3. JORDI FERNANDEZ’S LEADERSHIP

Fernández walked into a chaotic situation and gave the group something it desperately needed: clarity. And while the record won’t tell the whole story, the structure is there. Roles are defined. Expectations are firm. And the messaging doesn’t shift with every small winning streak or lengthy losing skid.

Fernández pushes the rookies without suffocating them, lets veterans lead without letting them dominate the process and sets standards that actually stick. Brooklyn hasn’t played perfect basketball, but it has played purposeful basketball under Fernández. That alone is a win.
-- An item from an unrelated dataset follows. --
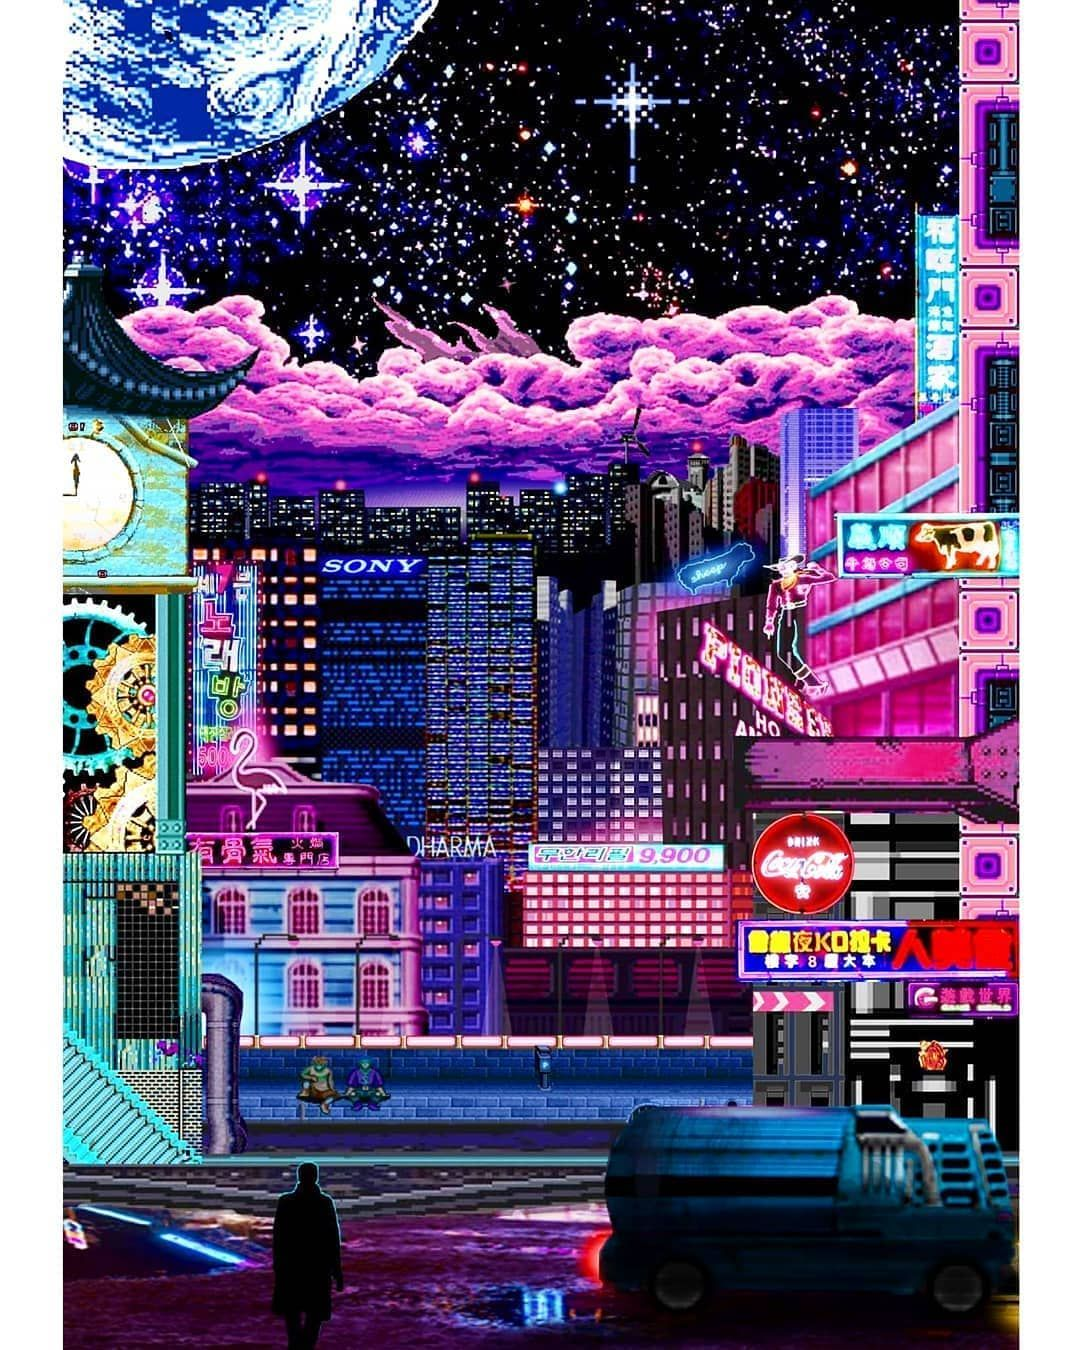 A Vaporwave Future Inspired By Bladerunner Pixelart Vaporwave Aesthetic Digitalart Retro Cyberpunk Synthw Vaporwave Wallpaper Aesthetic Art Pixel Art

4. A FRONT OFFICE THINKING LONG TERM

It’s not easy for a franchise to come out of a superstar era and show any kind of patience, but Brooklyn has at least taken some early steps in that direction. They’ve stayed flexible, added draft capital and avoided the kind of quick fixes that usually backfire.

The Nets currently hold 13 future first-round picks and 19 seconds, and with trade season just getting started, they’re reportedly open to adding even more. What they do with that flexibility still has to be proven, but it gives them options, whether that means continuing to develop the Flatbush Five or being ready if the right star becomes available.

For now, they’re not sprinting. They’re trying to build something sustainable.

5. A FAN BASE THAT’S STILL SHOWING UP

The Nets have been through just about every phase a franchise can cycle through, and the fan base has taken the ride with them. Barclays Center still responds when the youth movement checks in. The debates are still loud, the interest is still real and the sense of possibility hasn’t disappeared.

For a team trying to build something, maybe for the first time in a long time, that kind of steady engagement matters.